Though the association between LCMN and MM has been established beyond any doubt, the exact magnitude of the risk is still unknown. The lifetime risk of melanoma in these patients has been reported to range from 5 to 40%.  In a study of 289 patients with LCMN, 34 patients (12%) developed primary cutaneous melanoma within their nevi, 2 patients had cutaneous maglinant melanoma outside LCMN, 21 patients developed MMs in the central nervous system and 10 had metastatic MM with occult primary. This study further revealed that the development of MMs was more common in axial LCMN than those of the extremities.  In another recent review, Hale et al. reported that four of 170 (2.3%) patients developed melanomas, representing a standardized morbidity ratio of 324. They also observed that increasing numbers of satellite nevi and larger LCMN diameters were associated with melanoma and NCM. Another recent study based on a database of 1008 LCMN patients found a significantly lower risk than in previous publications.  Chan et al.  reported that the risk of melanoma development in LCMN within a predominantly South Asian cohort was very low. To our knowledge, there is no single report of LCMN with MM in the Indian literature.
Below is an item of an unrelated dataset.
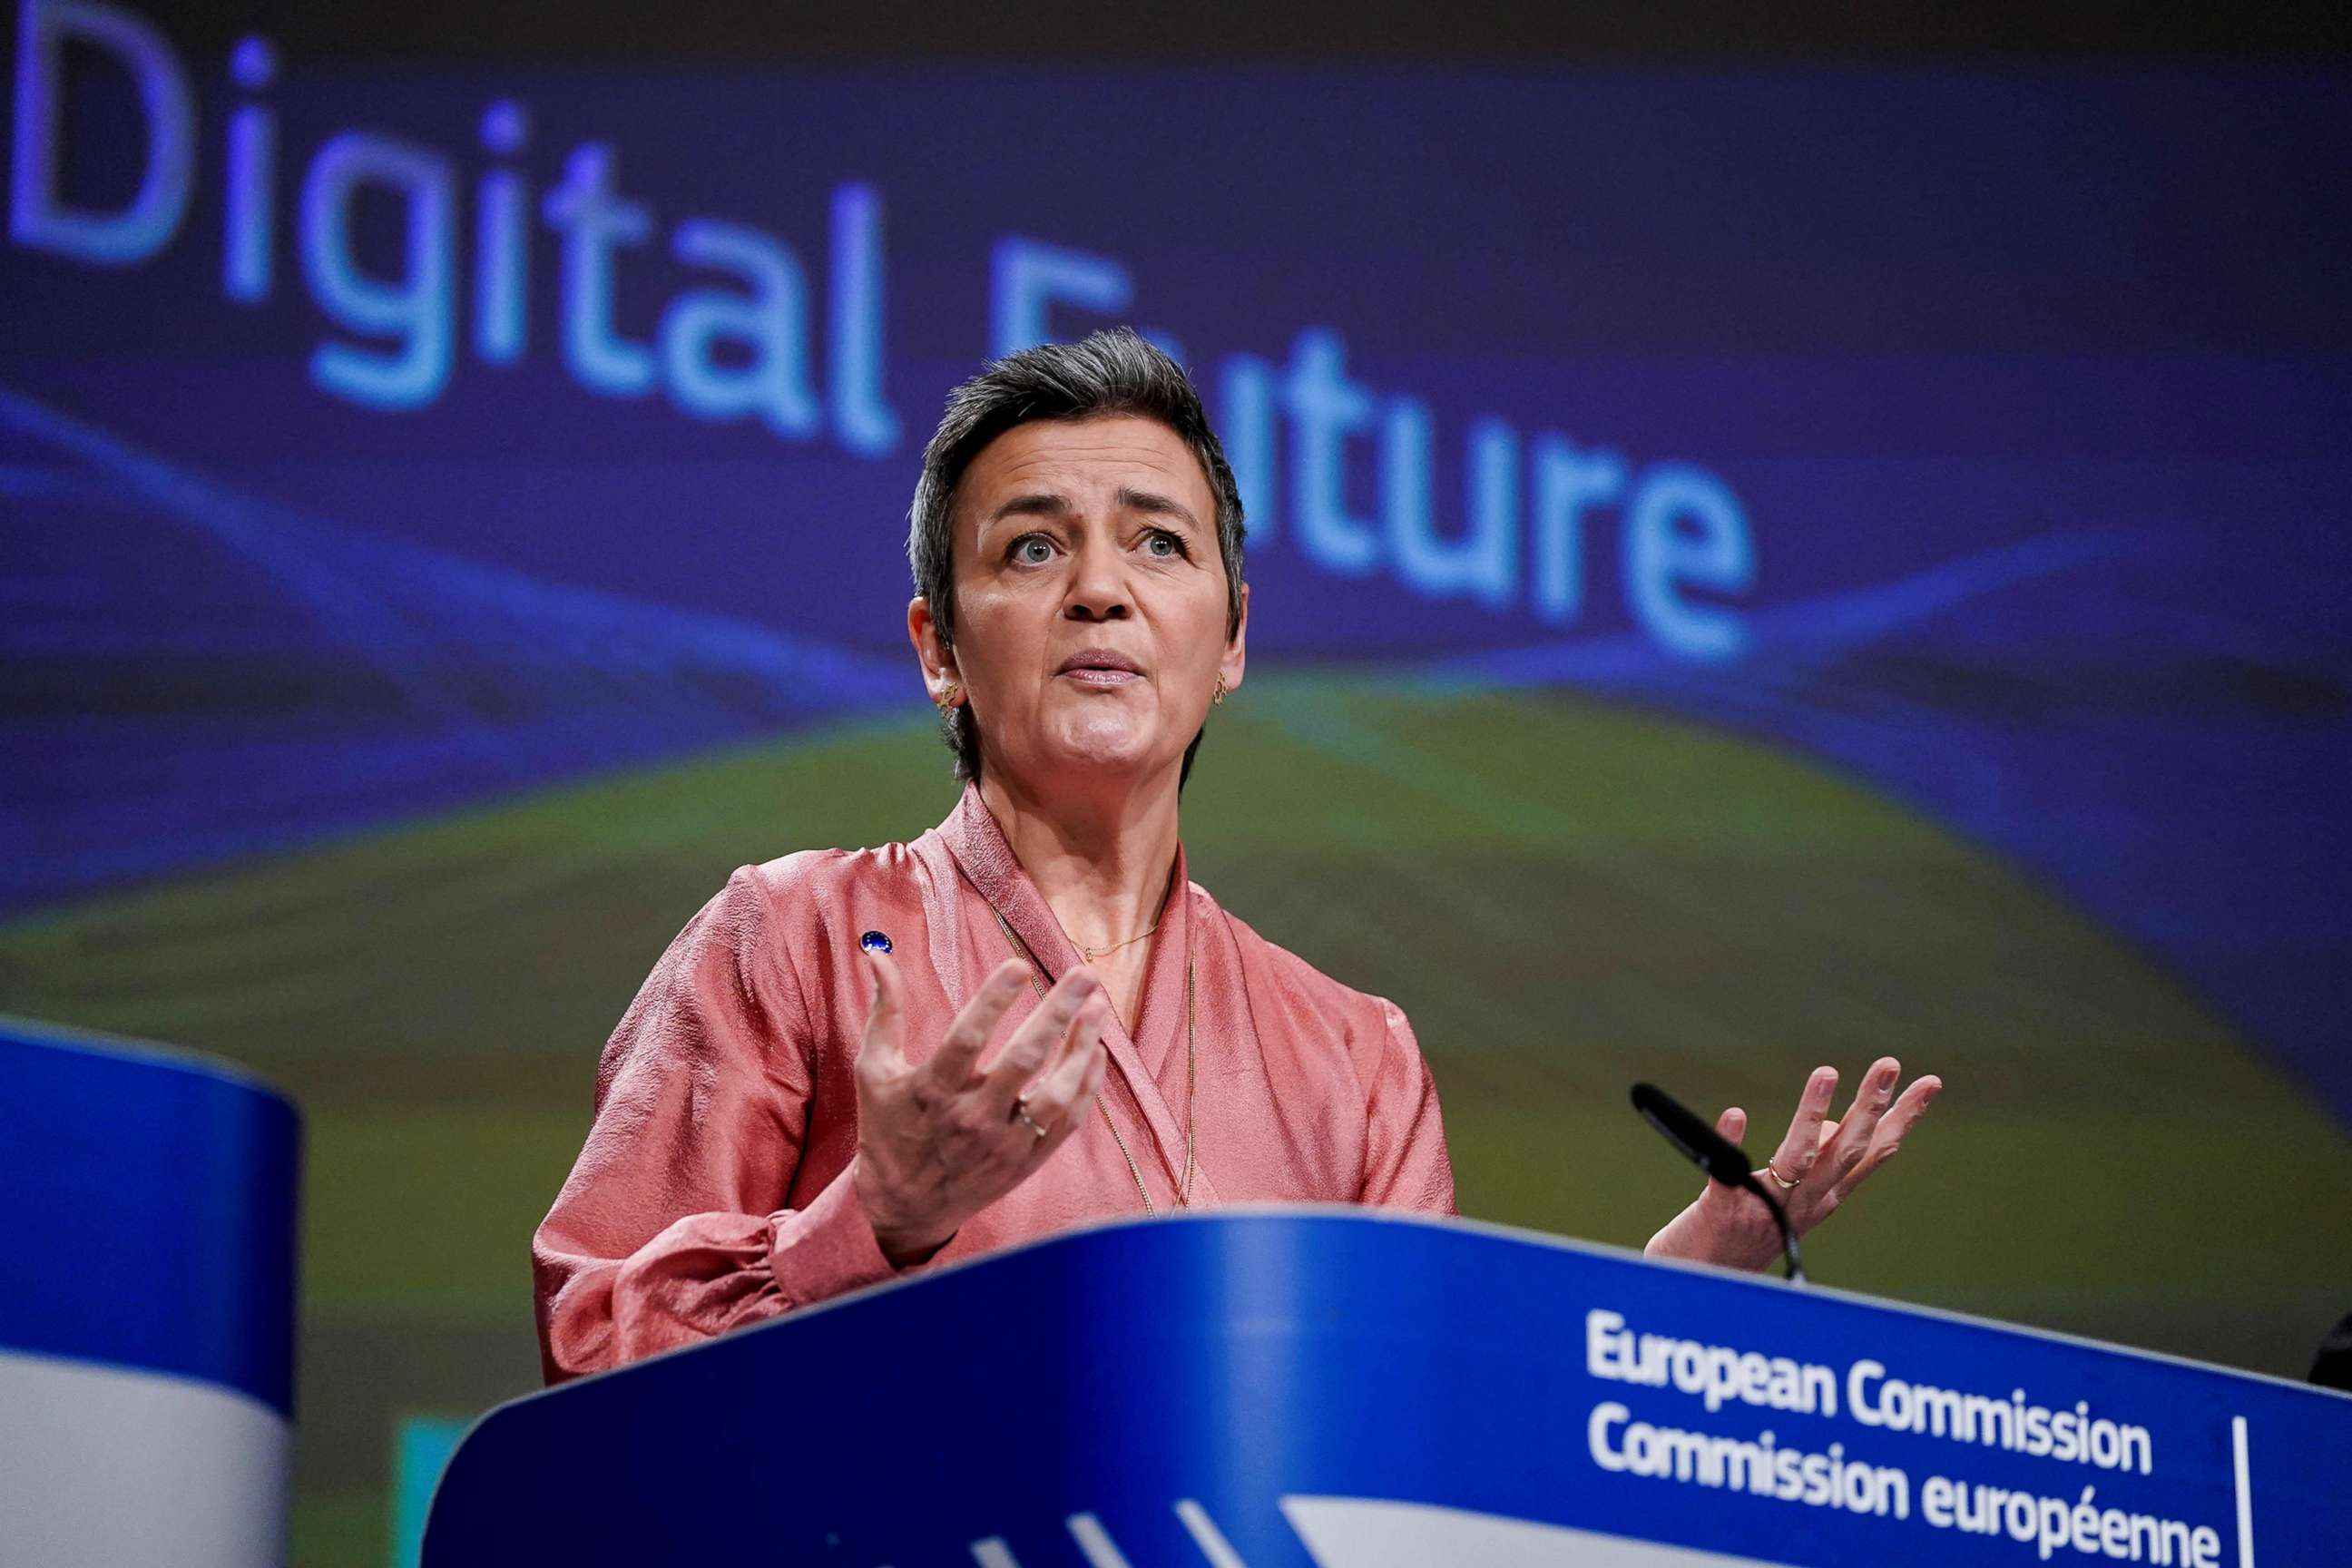 PHOTO: European Commission Executive Vice-President Margrethe Vestager addresses a press conference on Artificial Intelligence (AI) at the European Commission headquarters at the Berlaymont building in Brussels, Feb. 19, 2020.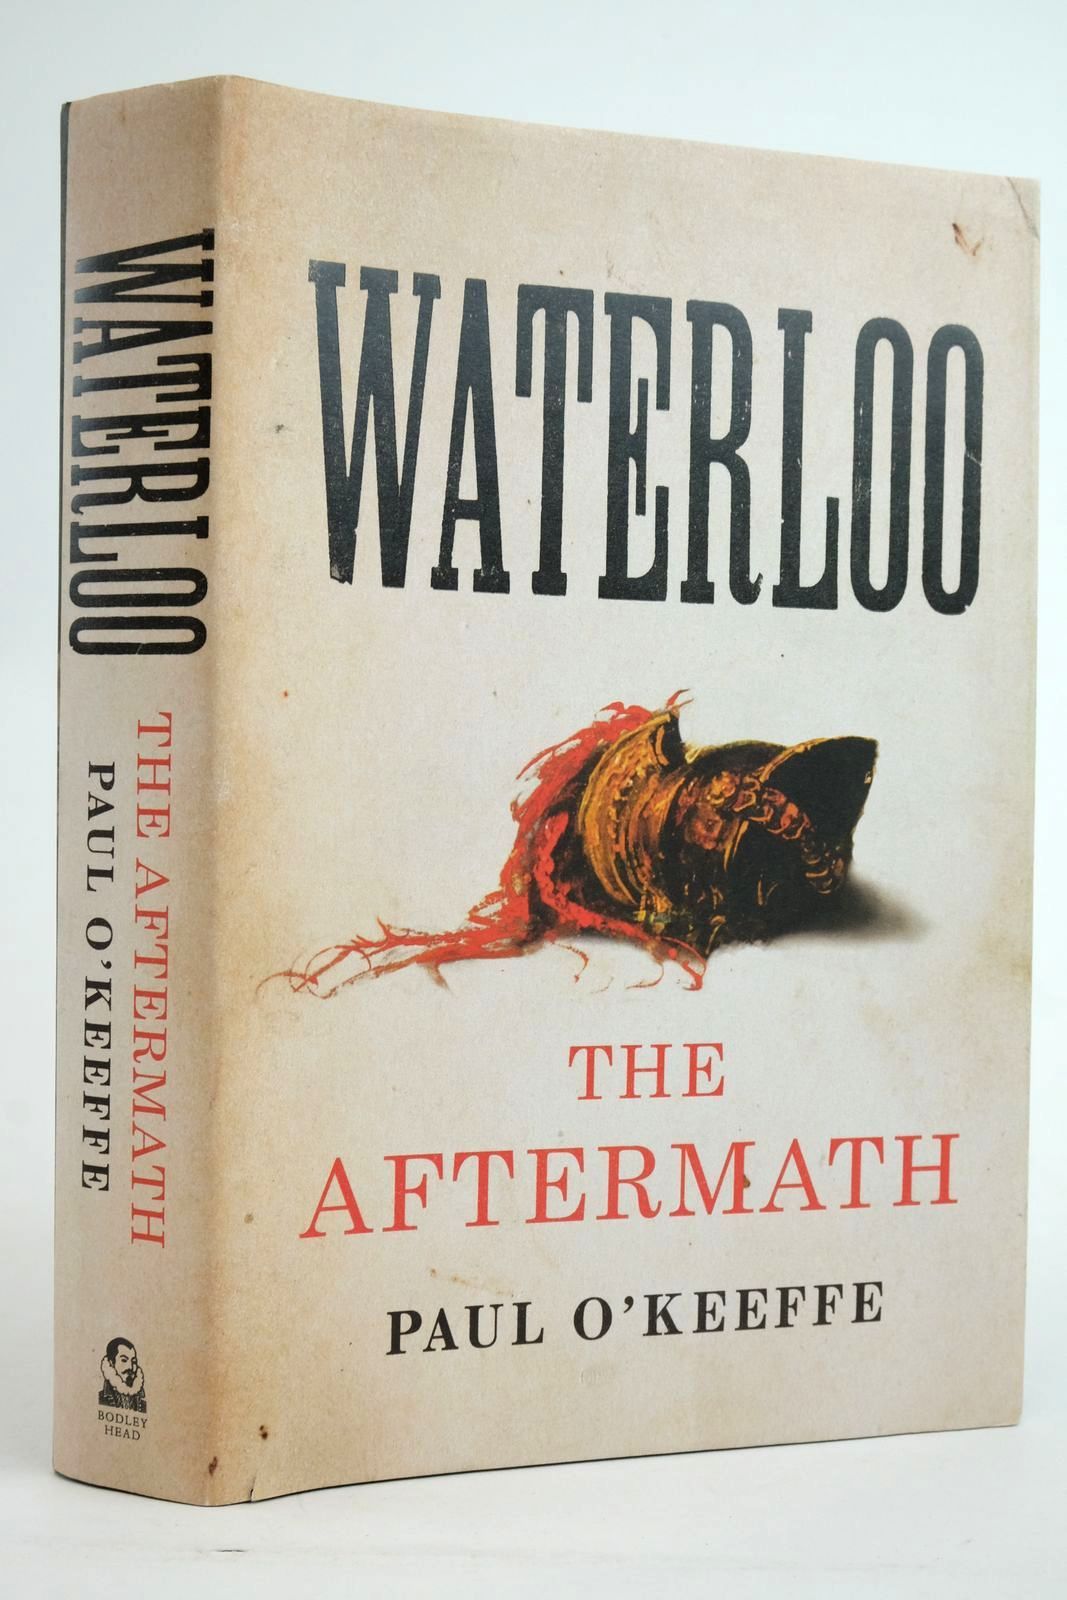 Photo of WATERLOO THE AFTERMATH written by O'Keeffe, Paul published by The Bodley Head (STOCK CODE: 2135930)  for sale by Stella & Rose's Books

Metastatic melanoma with an unknown primary is rare and the incidence has been reported to be between 2 and 5%.  It is estimated that 70% of melanomas in LCMN developed before the age of 10 years, whereas in our case, MMs developed after 41 years, which is an uncommon feature of LCMN. Multiplicity of lesions and the absence of leptomeningeal involvement ruled out the possibility of primary MM of the brain. These lesions were suggestive of metastases in the brain. The commonest origin of such metastatic lesions in the brain is primary in the lung. Though the primary was not detected with certainty, we presume that there are two possibilities in this case. The primary might be lurking deep in the giant nevus, but repeated skin biopsies from three different sites failed to reveal any evidence of primary melanoma either in the main nevus or in the satellite nevi. Therefore, primary cutaneous melanoma arising from the nevus was ruled out. The other possibility of primary in the lung was considered on the basis of the following radiological findings:
- progressively enlarging solitary lung mass in the right middle lobe,
- progressively enlarging draining lymph nodes,
- no lymphangitis carcinomatosa,
- no other focal lesions in the rest of the lung fields during the entire course of the illness,
- CT guided FNAC from the lung mass revealed MM and
- multiple metastatic lesions in the brain.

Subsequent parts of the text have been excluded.